Not much--but Brereton hastily copied that entry. And he had just written the last word when the superintendent came back into the room with a man who was in railway uniform.

"Come in here," the superintendent was saying. "You can tell me what it is before this gentleman. Some news from High Gill junction, Mr. Brereton," he went on, "something about Stoner. Well, my lad, what is it?"

"The station-master sent me over on his bicycle," replied the visitor. "We heard over there this afternoon about Stoner's body being found, and that you were thinking he must have fallen over into the quarry in the darkness. And we know over yonder that that's not likely."

"Aye?" said the superintendent. "Well, as a matter of fact, my lad, we weren't thinking that, but no doubt that rumour's got out. Now why do you railway folks know it isn't likely?"

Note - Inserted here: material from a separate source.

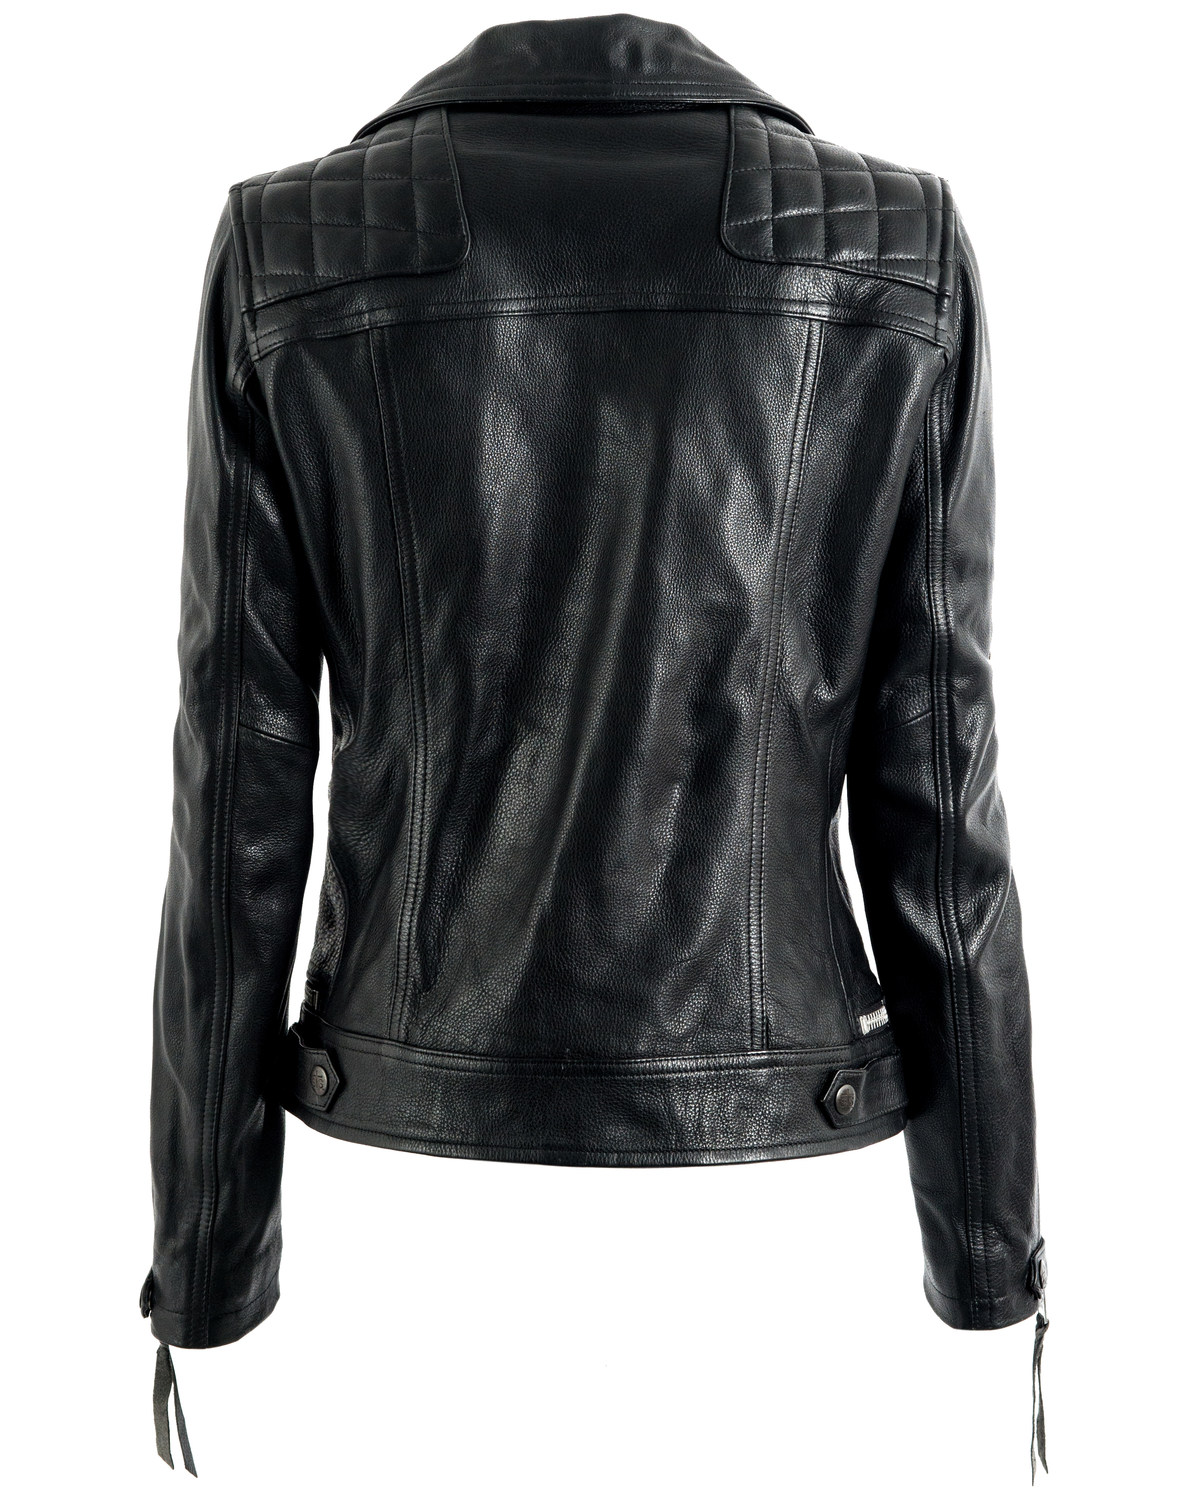 STS Ranchwear Women's Black Dreamer Moto Leather Jacket - Plus | Boot Barn

"That's what I've come to tell," answered the man, a sharp, intelligent-looking fellow. "I'm ticket-collector over there, as you know, sir. Now, young Stoner came to the junction on Saturday afternoon and booked for Darlington, and of course went to Darlington. He came back yesterday afternoon--Sunday--by the train that gets to our junction at 3.3. I took his ticket. Instead of going out of the station by the ordinary way, he got over the fence on the down line side, saying to me that he'd take a straight cut across the moor to Highmarket. I saw him going Highmarket way for some distance. And he'd be at Hobwick Quarry by 4.30 at the latest--long before darkness."

"Just about sunset, as a matter of fact," remarked the superintendent. "The sun sets about 4.18."

"So he couldn't have fallen over in the darkness," continued the ticket-collector. "If all had gone well with him, he'd have been down in Highmarket here by dusk."

"I'm obliged to you," said the superintendent. "It's worth knowing, of course. Came from Darlington, eh? Was he alone?"

"Quite alone, sir."

"You didn't see anybody else going that way across the moors, did you? Didn't notice anybody following him?"

"No," replied the ticket-collector with decision. "Me and one of my mates watched him a long way, and I'll swear there was no one near him till he was out of sight. We didn't watch him on purpose, neither. When the down-train had gone, me and my mate sat down to smoke our pipes, and from where we were we could see right across the moors in this direction. We saw Stoner--now and then, you understand--right away to Chat Bank."

"You didn't notice any suspicious characters come to your station that afternoon or evening?" asked the superintendent.

The ticket-collector replied that nothing of that sort had been seen, and he presently went away. And Brereton, after an unimportant word or two, went away too, certain by that time that the death of Stoner had some sinister connexion with the murder of Kitely.